I plan on adding socket support on IOCP and sleep calls.
Then i`m gonna add posix support via select and poll (I can test at
home on Mac). This is a place where I will need help.... maybe I can
use some stuff from Ed`s work.. :)
The objective is to have a simple toolbox to allow async IO and helper
methods like sleep, semaphores, etc... like a uthread on steroids :D
One question, is the performance too affected using ctypes... I mean,
would one gain a lot of speed having a pure C module? (i liked
ctypes... never had used it before)
Carlos
On 8/17/07, Arnar Birgisson <arnarbi at gmail.com> wrote:
> Beautiful!
>
> Should there be a common interface/naming that modules such as this
> should adhere to, to make it easy for people to do something like
>
> try:
> from iocp import stacklessfile
> except ImportError:
> from epollstuff import stacklessfile
>
> etc. ?
>
> I'd love to see such an "async io" module with different
> implementations included with stackless and one central module that
> when imported would select the most appropriate implementation for the
> platform. Preferable also with sockets and timers.
>
> Arnar
>
> On 8/17/07, Carlos Eduardo de Paula <carlosedp at gmail.com> wrote:
> > Fiddling around I found that on windows select() doesn't support file
> > descriptors so the other option was OverlappedIO also known as IOCP.
> >
> > This made me learn a thousand things I thought would never know...
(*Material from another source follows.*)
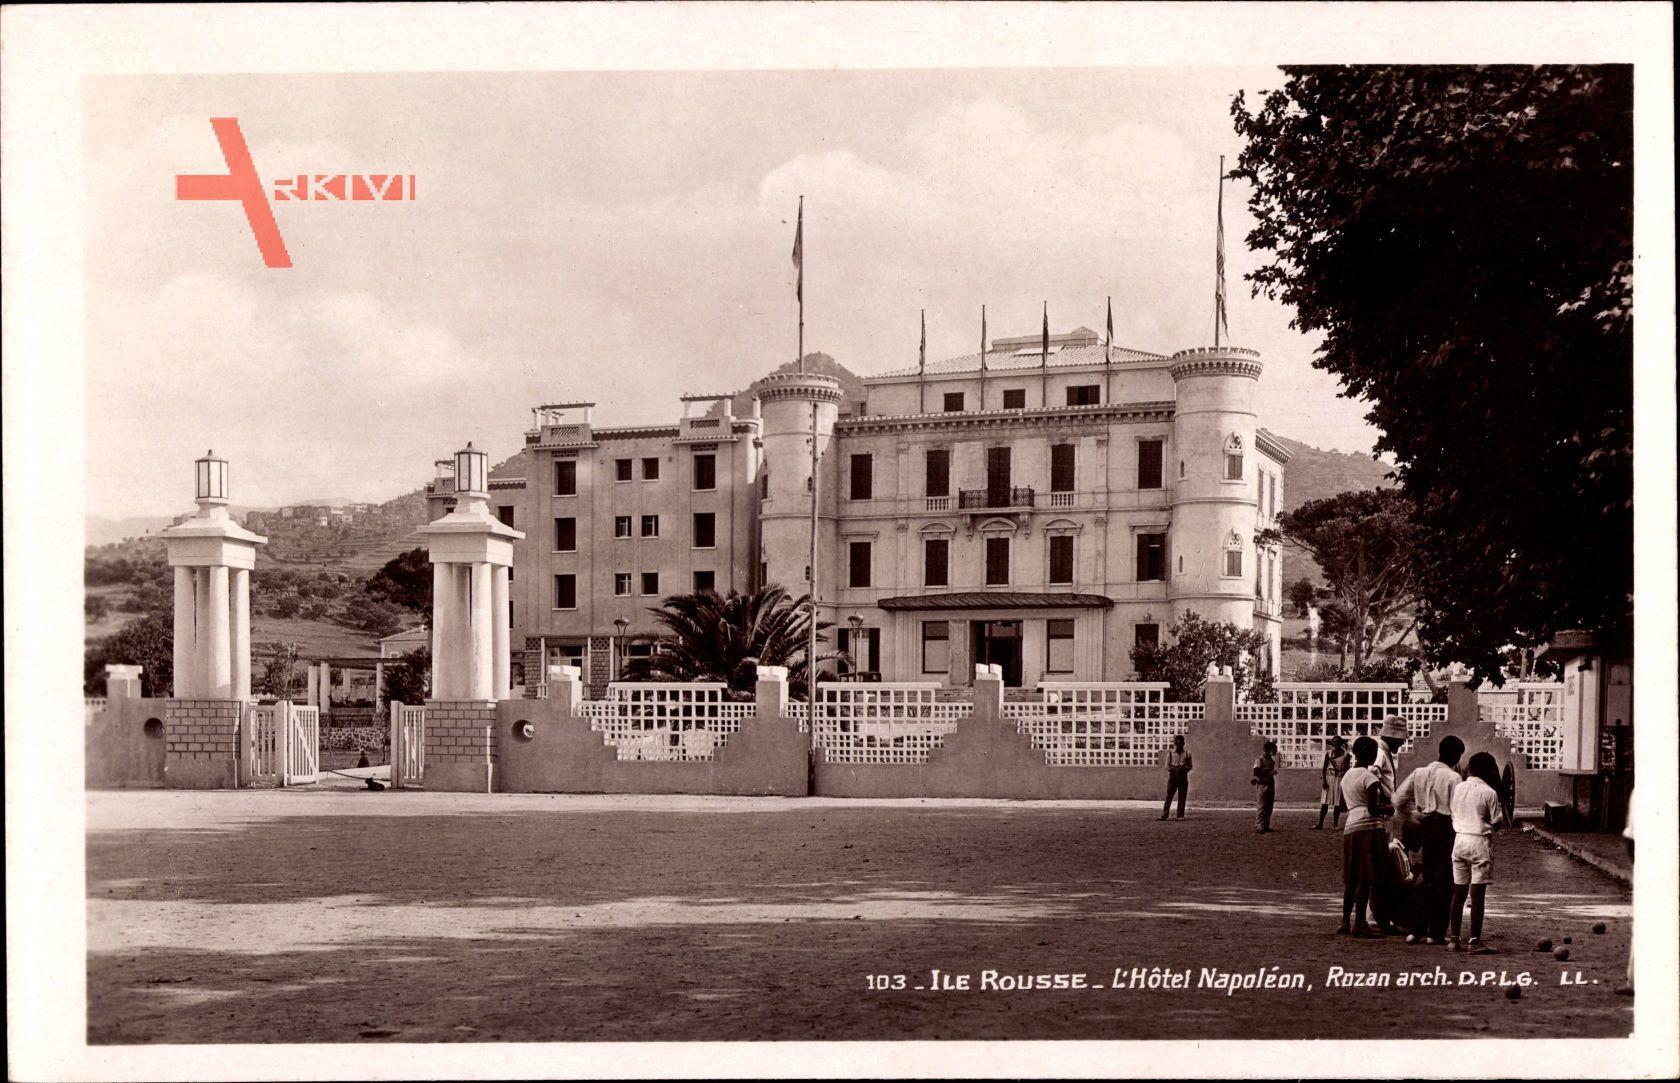 Ile Rousse Haute Corse, Straßenpartie mit Blick auf Hotel Napoléon
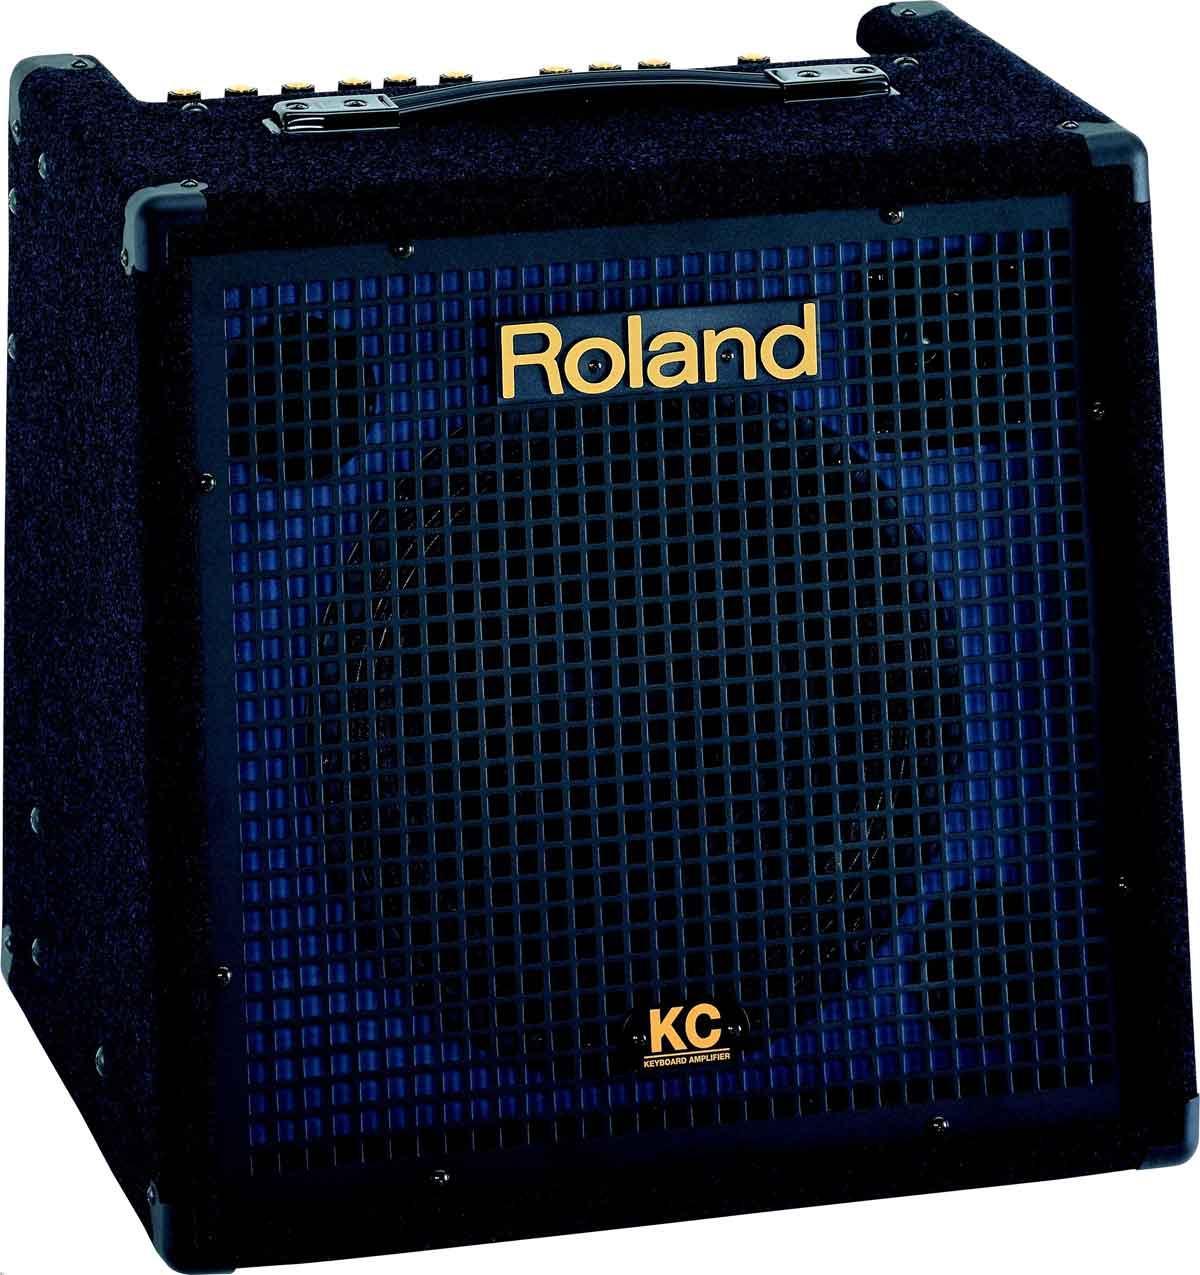 roland kc350 keyboard amplifier 120 watt. Black Bedroom Furniture Sets. Home Design Ideas

> > Ctypes, Windows internal APIs (kernel32 stuff), and even python
> > internals to see how its fileobject works.
> >
> > After this all here it is, the module that mimics the internal python
> > file() object. Please test it and report any successes or failures. I
> > also made a script to test its usage.
> >
> > Hope it's useful.
> > (full announcement in my blog: http://themindcaster.blogspot.com/)
> >
> > The code is here too: http://dpaste.com/hold/17151/
> > and will be posted on Stackless Examples Project SVN
> >
> > -------------------------------------------------------------------------------------------
> > #
> > # Stackless Asynchronous file module:
> > #
> > # Author: Carlos E. de Paula <carlosedp at gmail.com>
> > #
> > # This code was written to serve as an example of Stackless Python usage.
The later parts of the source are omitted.